В нашем доме расположился немецкий штаб. Первое, что они сделали, загнали нас в маленькую комнату. Затем затопили печь, нагрели воды, натаскали в кухню соломы и устроили настоящую баню. Голые, обильно поливая себя водой, они довольно долго мылись, периодически выскакивали на улицу и валялись в снегу. В то же время солдаты, перебив кур и гусей, в большом чугуне, в котором мама варила скотине корм, приготовили на разведенном возле дома костре какую-то еду. Закончив помывку, «квартиранты» устроили в большой комнате ужин. Опьяненные успехами на фронте, подогретые шнапсом, они долго распевали песни и играли на губных гармошках. В какой-то момент один из немецких офицеров, долговязый и рыжий, завалился к нам в комнату, держа в руках что-то из продуктов. Подойдя к маме, он показал на зыбку, подвешенную к потолку, дал продукты и на ломаном русском языке и сказал:
– Киндер? Матка, кушать много надо.
Мама, испугавшаяся прихода немца, ожидала от него всего, но только не этого. Дед Федор свободно говорил по-немецки. В Первую мировую войну он несколько лет провел в немецком плену, работая на одной из ферм. Подойдя к немцу, он обменялся с ним несколькими фразами. Тот, дружелюбно похлопав его по плечу, неторопливо вышел.
Этот немец был поляком. Очевидно, война ему была чужда. Оказавшись в кровавой мясорубке, он не мог не выполнить приказа, и выполнял его, как подсказывала совесть. Воспоминание о доме, об оставленной семье размягчали его душу. И он, как бы оправдываясь за содеянное, пытался сделать что-то доброе. В удобные моменты передавал маме то колбасу, то сгущенку.

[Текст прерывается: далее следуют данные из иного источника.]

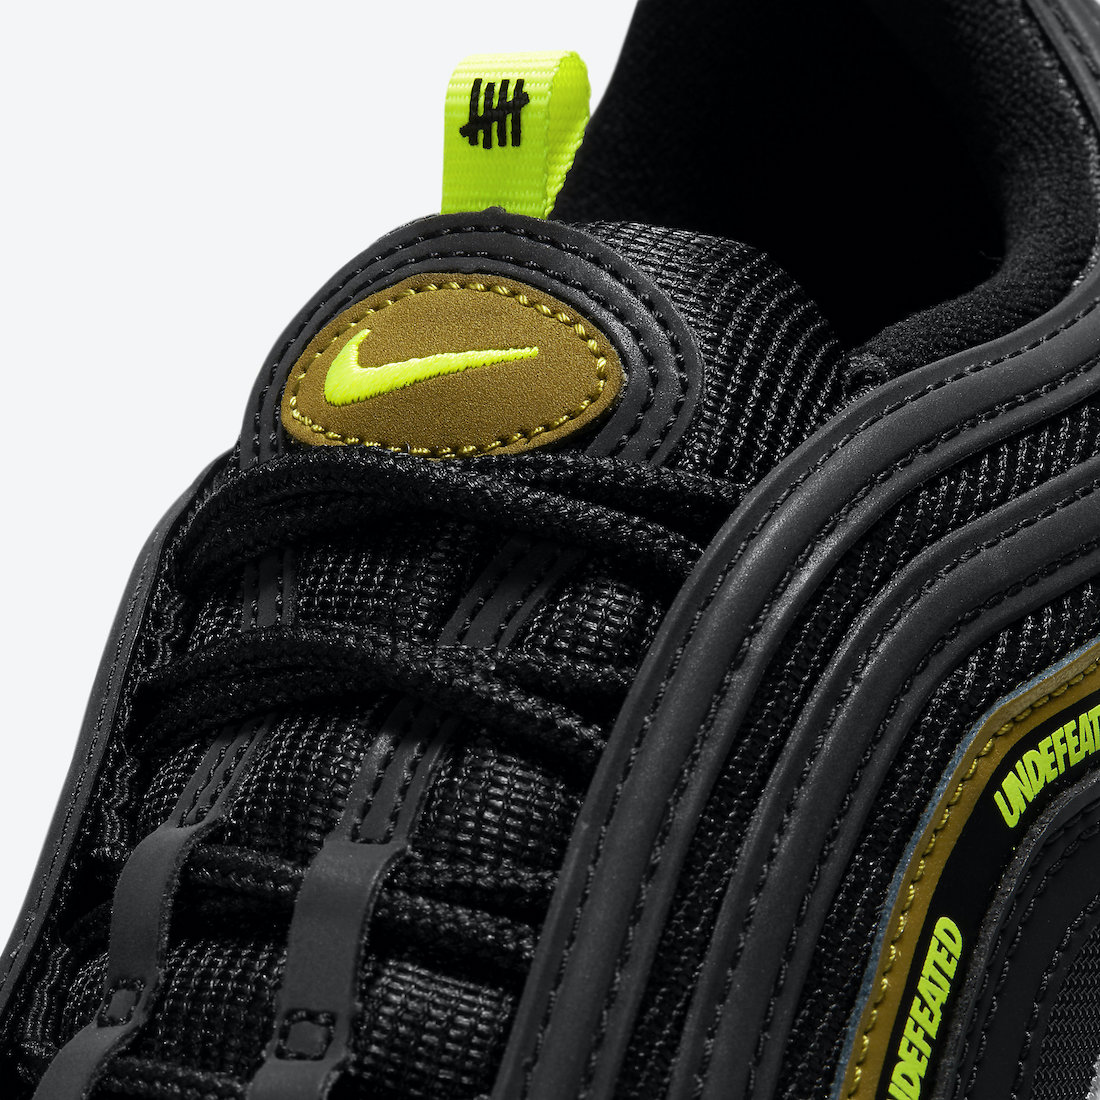 Undefeated Nike Air Max 97 Black Volt DC4830-001 Release Date

Немцы находились в нашей деревне восемнадцать дней. Но и этого срока хватило, чтобы понять всю трудность и отвратительность положения. Главное – это голод. Запасов продовольствия не было. Выживали, как могли. Дед Федор аккуратно собирал брошенные немцами продукты и остатки пищи. Мама их использовала. Однажды он принес большой кусок мороженой конины. Хоть с отвращением, но мы ее съели. В другой раз он принес целый мешок мороженых яблок. Немцы их выбросили, а нам они были в радость.
Мелкие подачки не растопили во мне вражды к немцам, которую я чувствовал постоянно. Как-то, одев фуражку, офицерский ремень с кобурой, вооружившись детским ружьишком, стрелявшим пистонами, я спрятался в сенях за входной дверью. Весь этот реквизит был оставлен офицером, квартировавшим у нас до прихода немцев. Ждать врага долго не пришлось. В первого вошедшего немца с криком «Ура!», «За Родину!» я выстрелил несколько раз. Ошеломленный неожиданностью происшедшего, немец схватил меня за ноги и готов был разбить об угол дома. Дед Федор, случайно увидевший эту сцену, буквально вырвал меня из его рук. Извинившись и объяснив немцу, что это еще глупый мальчик, за смелый поступок он не должен быть жестоко наказан, а наоборот, заслуживает уважения. Немец, польщенный тем, что русский «Иван» свободно говорит на его родном языке, отпустил меня и даже дал шоколадку.